Сержант повернулся и резко отдал команду, но капрал уже вышел из строя и встал не совсем по стойке "смирно", но почти, остальные двенадцать повернулись и образовали колонну, вооруженный рядовой теперь оказался впереди, а сержант сзади, но они не вышли, потому что направляющий замялся, попятился, уступая дорогу личному адъютанту старого генерала, тот вошел и посторонился сам, колонна вышла, шедший последним сержант притворил за собой дверь, снова оставив перед ней одного адъютанта, бесхарактерного, высокого, все еще озадаченного и недоумевающего, но уже не возмущенного – просто расстроенного. Английский полковник сказал:
– Сэр.
Но старый генерал глядел на адъютанта. Спросил по-французски:
– Мое дитя?
– Эти три женщины, – сказал адъютант. – Они у меня в кабинете. Раз уж они здесь, то почему бы не...

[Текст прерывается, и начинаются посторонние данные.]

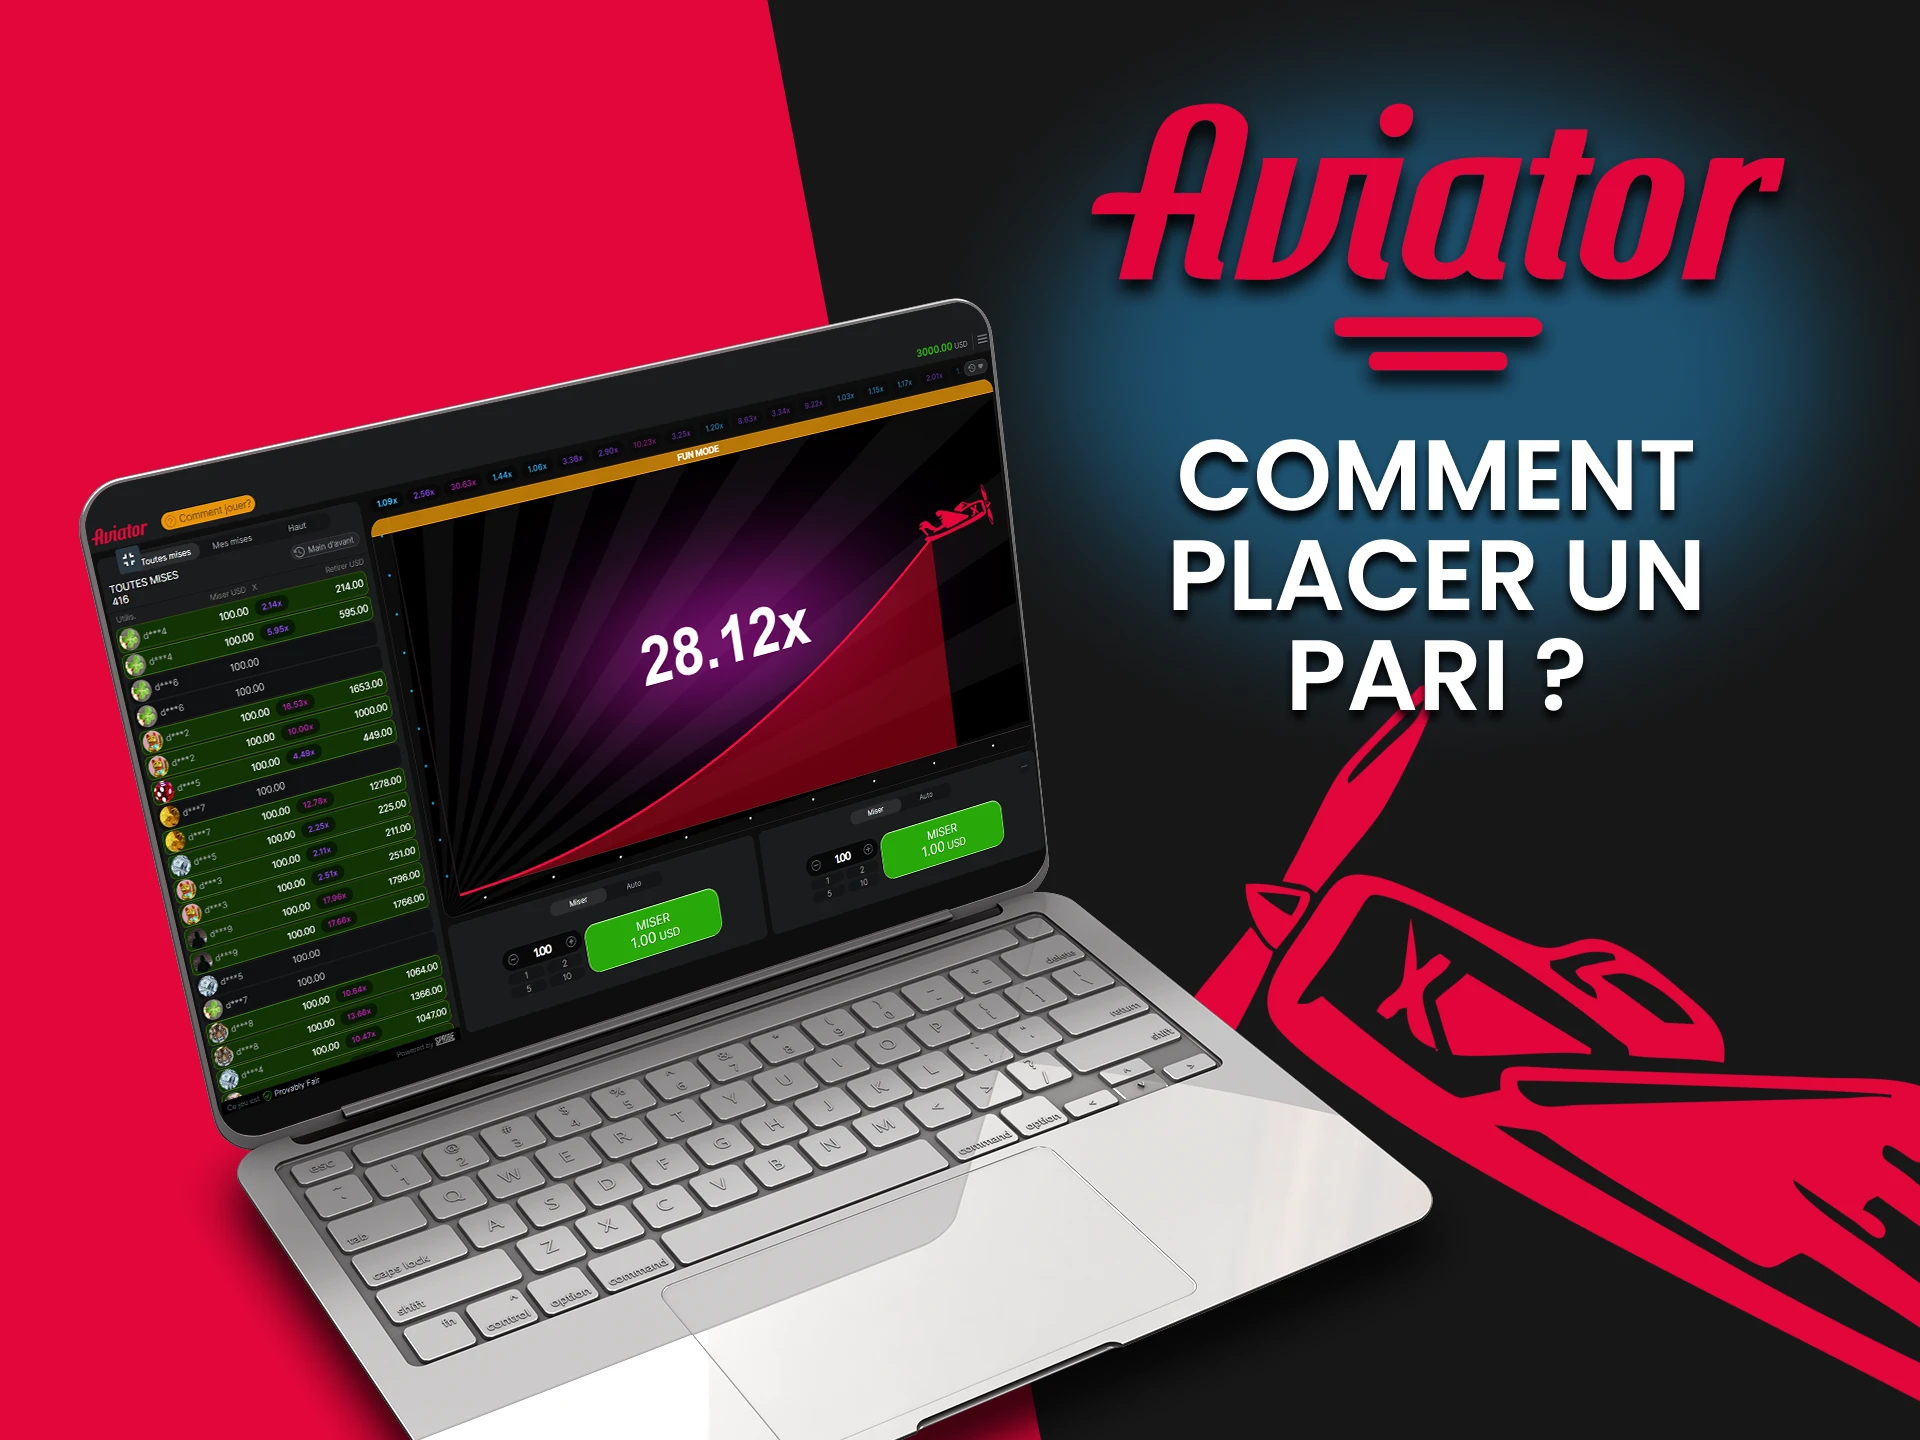 Nous vous expliquerons comment commencer à parier dans le jeu Aviator.

– О да, – сказал старый генерал. – Тебе не хочется идти. Передай начальнику штаба, что уходишь на поиски... скажем, часа на четыре. Этого будет достаточно.
И обратился к английскому офицеру:
– Прошу вас, полковник.
Полковник резко поднялся и впился взглядом в капрала – а капрал с благородным лицом горца, спокойным, серьезным, не встревоженным, лишь настороженным, отвечал ему любезным и внимательным взглядом.
– Богген, – сказал полковник. – Ты не помнишь меня? Лейтенанта Била?
Но капрал лишь смотрел на него, любезно, вопросительно, не растерянно, лишь недоуменно, выжидающе.
– Мы считали, что ты мертв, – сказал полковник. – Я... видел тебя...
– А я не только видел, – сказал американский капитан. – Я хоронил его.
Старый генерал чуть приподнял руку. Сказал англичанину:
– Да, полковник?
– Это случилось под Монсом, четыре года назад. Тогда я был лейтенантом. Этот человек служил у меня во взводе, в тот день они... догнали нас. Он получил удар пикой. Я... видел, как острите вышло через спину, прежде чем сломалось древко. Потом проскакали две лошади. По нему. Я тоже видел это, потом. То есть я смотрел секунду или две, во что превратилось его лицо, пока меня не...
Продолжая сверлить капрала взглядом, он в отчаянии снова обратился к нему:
– Богген!
Но капрал по-прежнему лишь смотрел на него любезно, выжидающе, в полном недоумении. Потом повернулся и сказал старому генералу по-французски:
– Прошу прощенья. Я понимаю только французский язык.
– Я знаю, – ответил старый генерал тоже по-французски. И по-английски сказал полковнику:
– Значит, это не тот человек.
– Не может быть, сэр, – сказал полковник. – Я видел наконечник той пики. Видел его лицо, после того как лошади... Кроме того, я... я видел...
Он умолк и сел, воинственный, сверкающий красными петлицами, знаками различия и цепочками, символизирующими кольчуги, в которых полк сражался при Кресси и Азенкуре семьсот и восемьсот лет назад, лицо его над ними было похоже на смерть.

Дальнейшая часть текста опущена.